Remotely query remote data#

Use chain_remote() and chain_remote_shape() as usual:

[21]:
g3_bound.chain_remote_shape(two_hop_query)
[21]:
kind rows cols
0 nodes 3 1
1 edges 2 4

Fetch remote data#

Use chain_remote() to fetch the nodes and edges table. Note that the below takes care to fetch nodes that are not connected to any edges.

[22]:
%%time

remote_g_nodes = g3_bound.chain_remote([n()], output_type='nodes')
remote_g_edges = g3_bound.chain_remote([e_undirected()], output_type='edges')

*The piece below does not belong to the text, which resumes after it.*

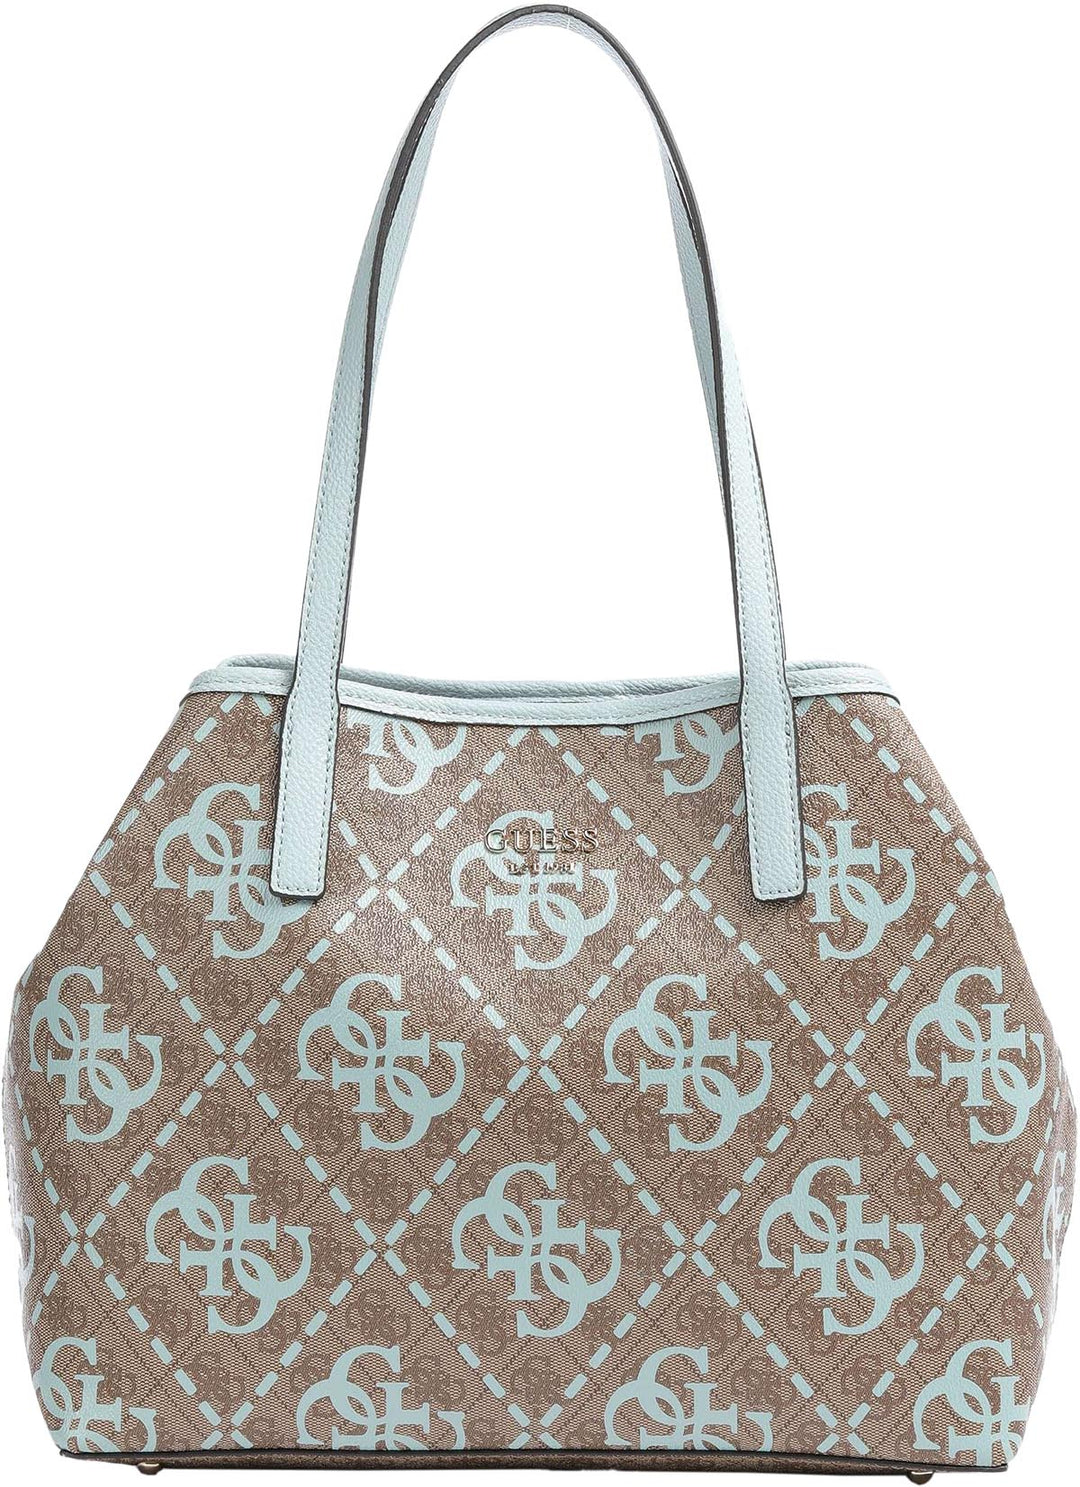 Guess Women's Vikky Large Tote Bag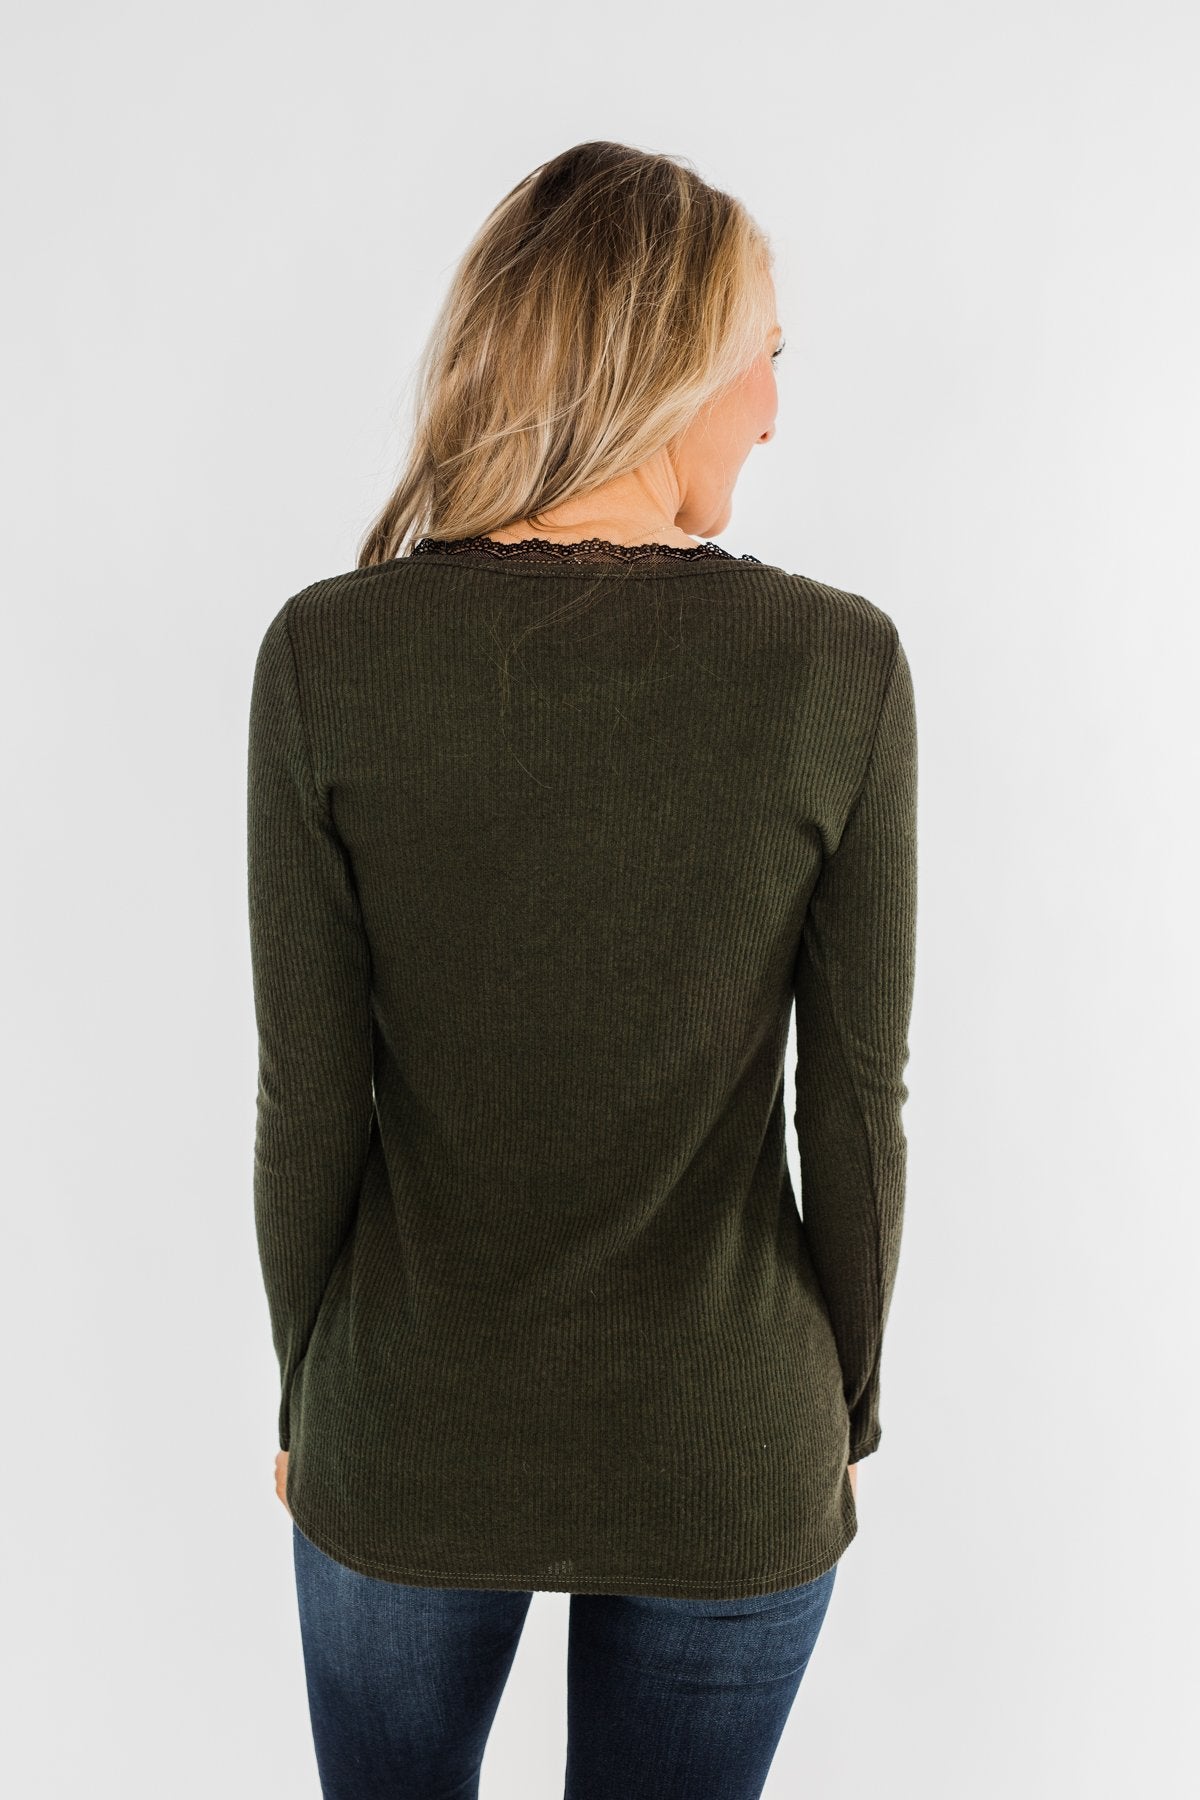 Don't Think Twice Lace Trimmed Top- Dark Olive

g3_fetched_g = (graphistry
    .nodes(remote_g_nodes._nodes, 'id')
    .edges(remote_g_edges._edges,  's', 'd')
)
CPU times: user 116 ms, sys: 10.5 ms, total: 127 ms
Wall time: 1.33 s
[23]:
print('Node ID column:', g3_fetched_g._node)
g3_fetched_g._nodes
Node ID column: id
[23]:
id
0 a
1 b
2 c
3 d
[24]:
print('Edge src/dst columns:', g3_fetched_g._source, g3_fetched_g._destination)
g3_fetched_g._edges
Edge src/dst columns: s d
[24]:
s d v u
0 a b x 2
1 b c y 4
2 c d z 6
[ ]: